I lived in London during the 1980s, and like many people I was mesmerized by the snooker match between Dennis Taylor and Steve Davis. Davis was widely expected to win, and indeed he won the first game of the match, and carried his lead all the way to the end of the second day, when Taylor potted the final black ball and took the lead for the very first time over the two-day match, winning the world championship.

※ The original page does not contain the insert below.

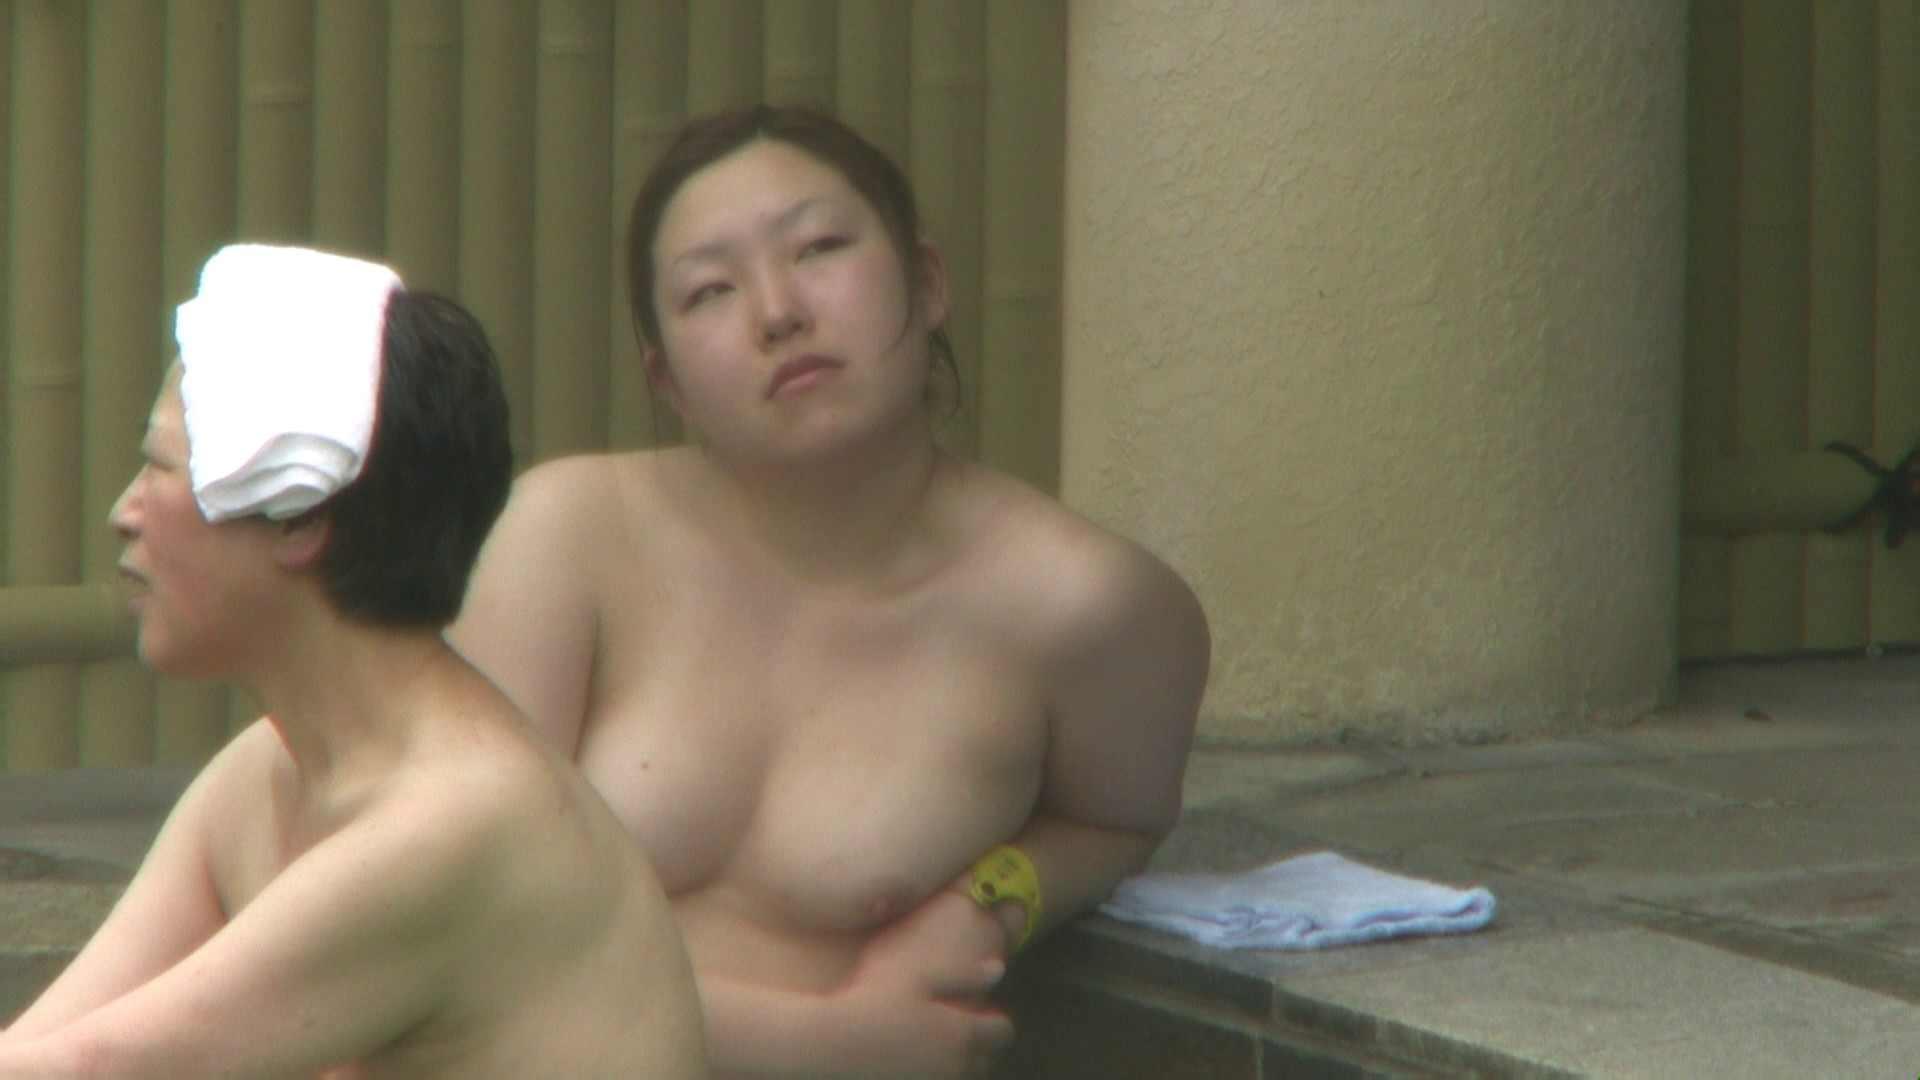 Aquaな露天風呂Vol.72【VIP限定】 露天風呂編 | 盗撮シリーズ  98PIX 39

Snooker is scored by points for the balls of various colors: there are 15 red balls, each worth 1 point, plus one ball each of yellow, green, brown, blue, pink and black worth, respectively, 2, 3, 4, 5, 6 and 7 points. Players accumulate points in a break by potting balls one after another until they make a miss. As long as there is a red ball on the table, the player must pocket a red ball first; then, after making a red, the player can attempt to make a “colored” ball (other than red). If a color is potted, it is returned to the table (put on its spot) as long as there is a red on the table; once all the reds are potted, the colors must be potted in ascending point order, and are not respotted. A perfect game requires the player to pot 36 balls in order — 15 reds, each with a black, followed the colors in order — and earns 147 points. Perfect games are not common, but neither are they uncommon; in ranked match play, there are typically one or two perfect games per year.

Your task, which comes from an interview question, is to write a program that calculates the sequence of scores from a game of snooker; for a perfect game, the sequence is 1, 8, 9, 16, 17, 24, 25, 32, 33, 40, 41, 48, 49, 56, 57, 64, 65, 72, 73, 80, 81, 88, 89, 96, 97, 104, 105, 112, 113, 120, 122, 125, 129, 134, 140, 147 (A241263). When you are finished, you are welcome to read or run a suggested solution, or to post your own solution or discuss the exercise in the comments below.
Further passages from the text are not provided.